Hence also my exclusion of project management from the V, which will probably strike most people as off. But most project management activity (governance, planning, task assignment + tracking, risks and issues, reporting, etc.) is either ad hoc, repetitious or cyclical, and does not fit the linear structure of a V.

On the other hand, to make sure that everything stays aligned and everyone knows what they are supposed to be doing, the main V should ideally include not only everything in the standard delivery sequence path but also the touch-points with each of these other functions. This should indicate the points at which show not only where they provide their respective ‘services’ but also the points at which they take their ‘feed’ from the main process.

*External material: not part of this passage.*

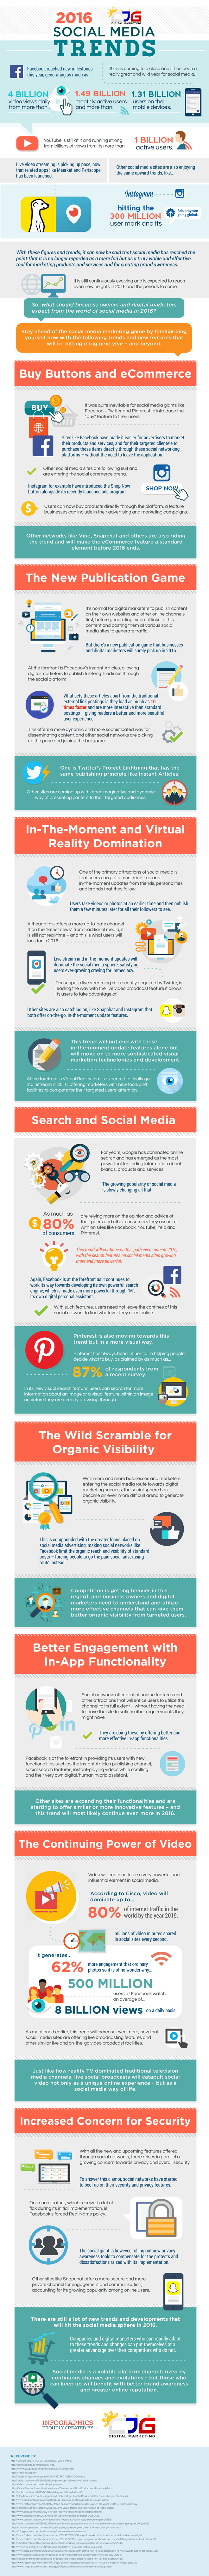 The Top 8 Social Media Trends to Watch Out For in 2016 (Infographic) - An Infographic from CJG Digital Marketing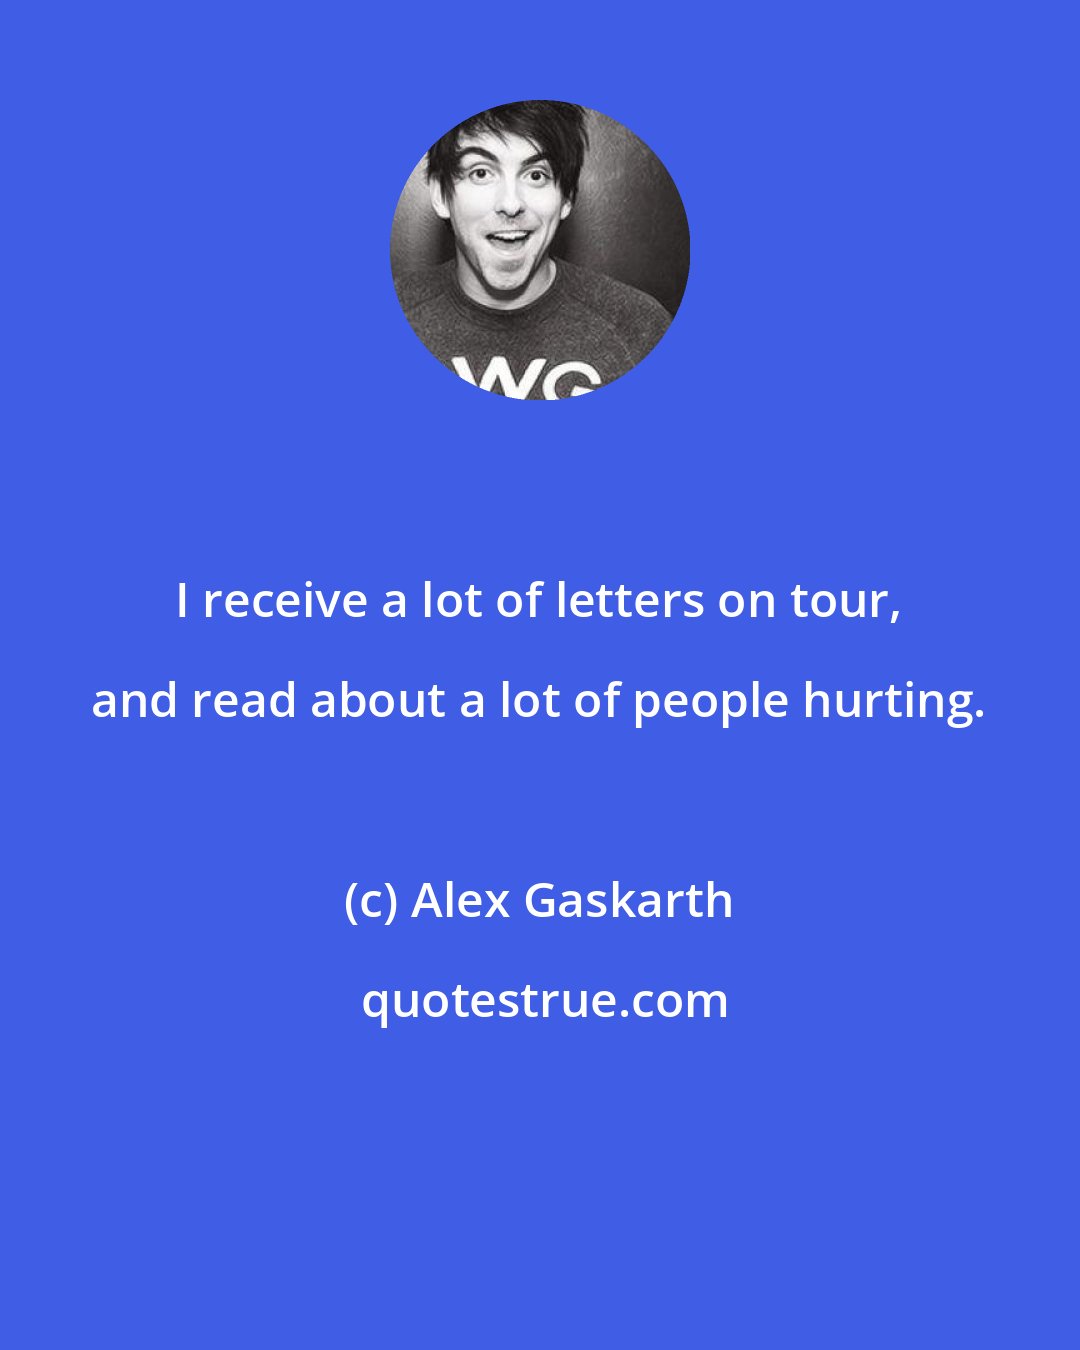 Alex Gaskarth: I receive a lot of letters on tour, and read about a lot of people hurting.

This can make the main diagram physically or logically complex, but I think that that would be ideal.

For example, the main links between a bespoke development V and service planning are probably:
  • During Initiation, where service planning needs to indicate the contributions it will need to make to the project.
  • During Requirements, where service planning needs to identify the non-functional requirements it they need to define SLAs, shape the environmental design, and so on.
  • During Design, service planning generally need to be involved in environmental + infrastructural design.
  • During Build, service planning may need to be involved in unit + integration testing where these relate to infrastructure and environments, and in non-functional testing where this is will bear on SLAs.
  • During system testing, service planning will be interested not only in non-functional testing but also in identifying any work-arounds + FAQs (for the Help Desk), plus starting to collect any residual defects that are likely to affect the working solution.
  • Finally, during the Deployment stage, service planning will be involved in Operational Acceptance Testing and a range of deployment planning and activity.
There may be other lesser dependencies, such as where various flavours of readiness need to be checked. But by and large, the definition of all these tasks, plus any supporting techniques, tools and templates, guidelines, process maps, and so on, can all lie outside the main V. Only the touch-points need to be identified there.